### DATASET EXCERPT
*****

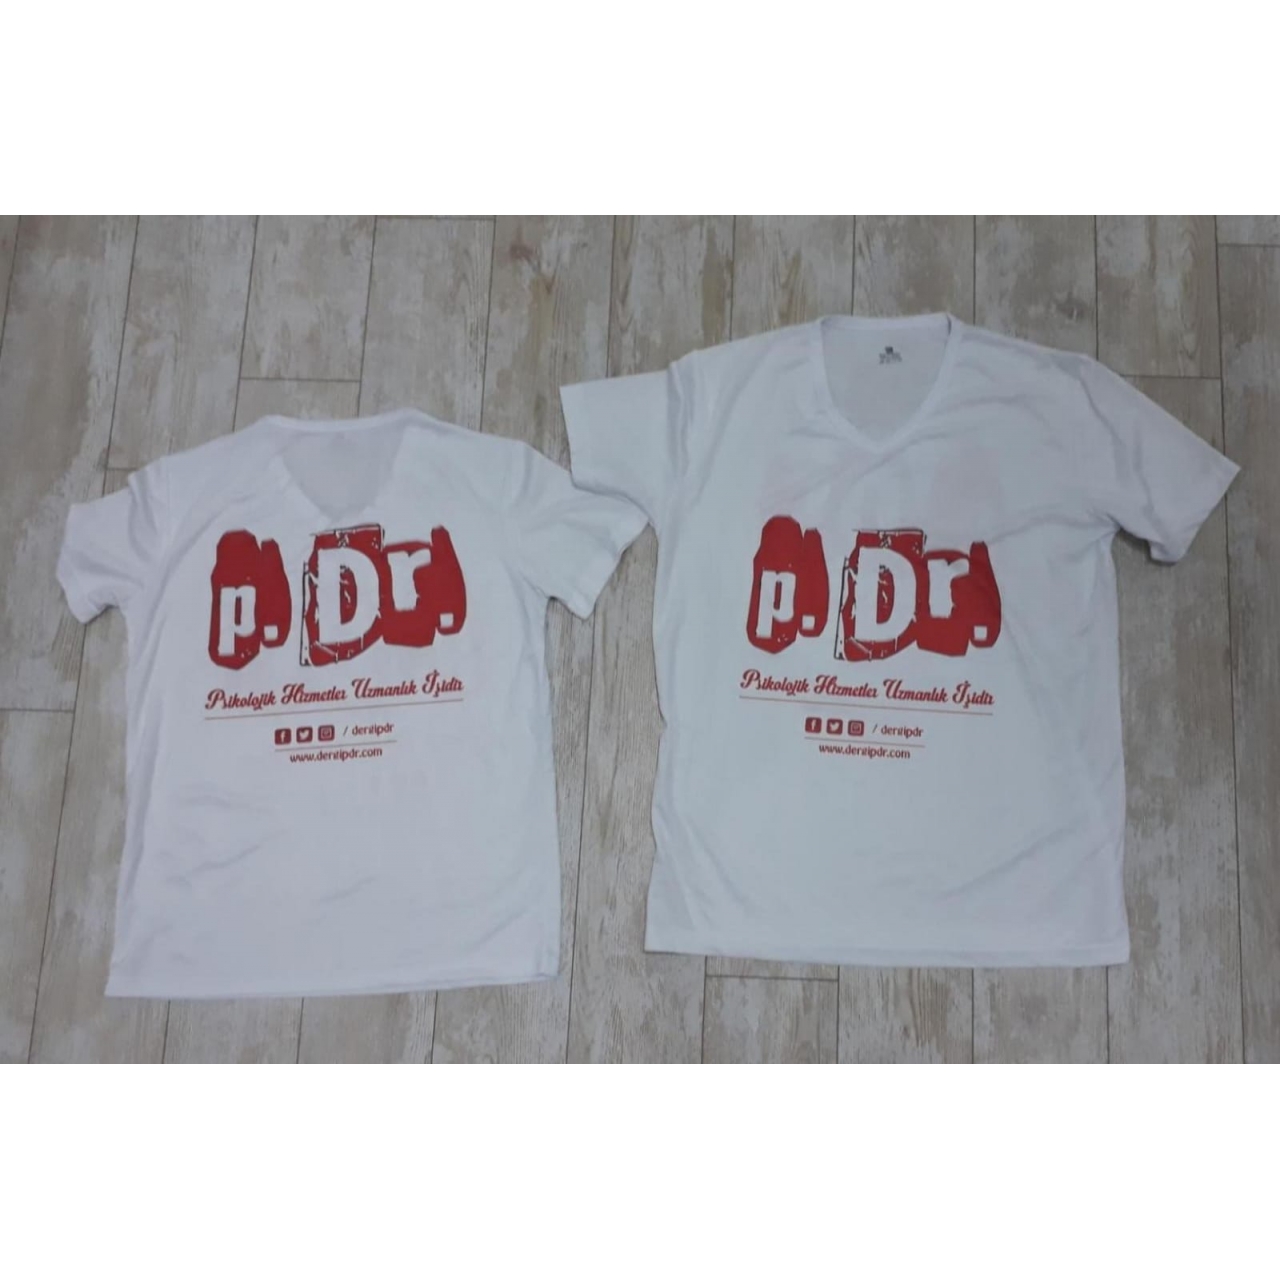 T-Shirt (Çift Yönlü p.Dr. Logolu Baskı ve Kaliteli Malzeme
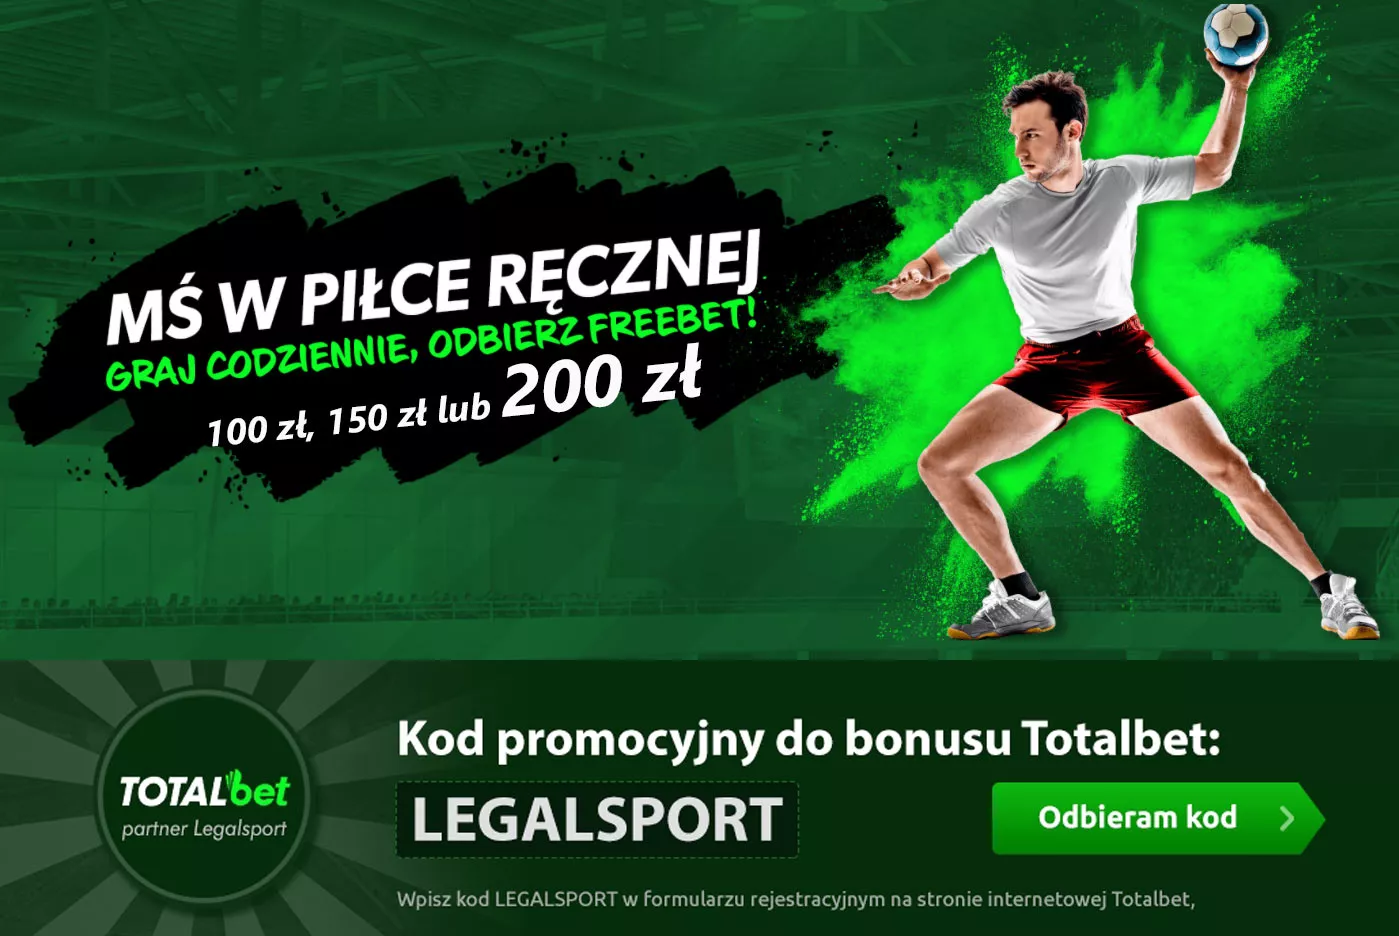 Bonus na zakłady - freebet 200 zł za obstawianie handballu
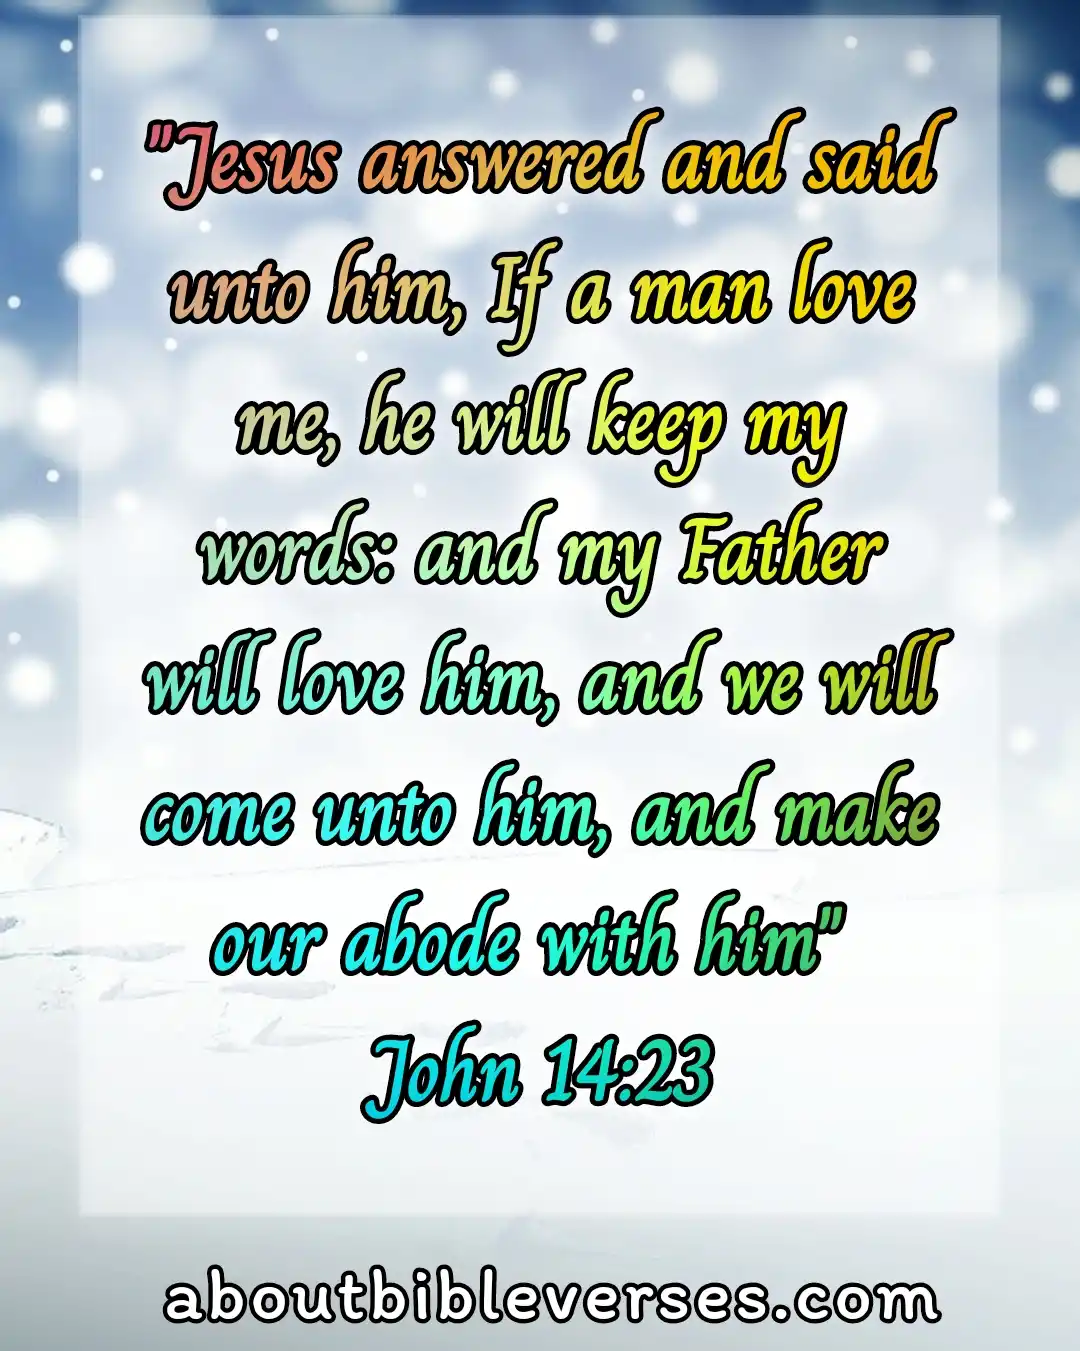 Today bible verse (John 14:23)

*****

### EXERCISE INSTRUCTIONS
Everything in the listing must be restated word for word, except for the pictures.

### SOLUTION FOR THIS EXERCISE
 T-Shirt (Çift Yönlü p.Dr. Logolu Baskı ve Kaliteli Malzeme
 Bonus na zakłady - freebet 200 zł za obstawianie handballu
 Today bible verse (John 14:23)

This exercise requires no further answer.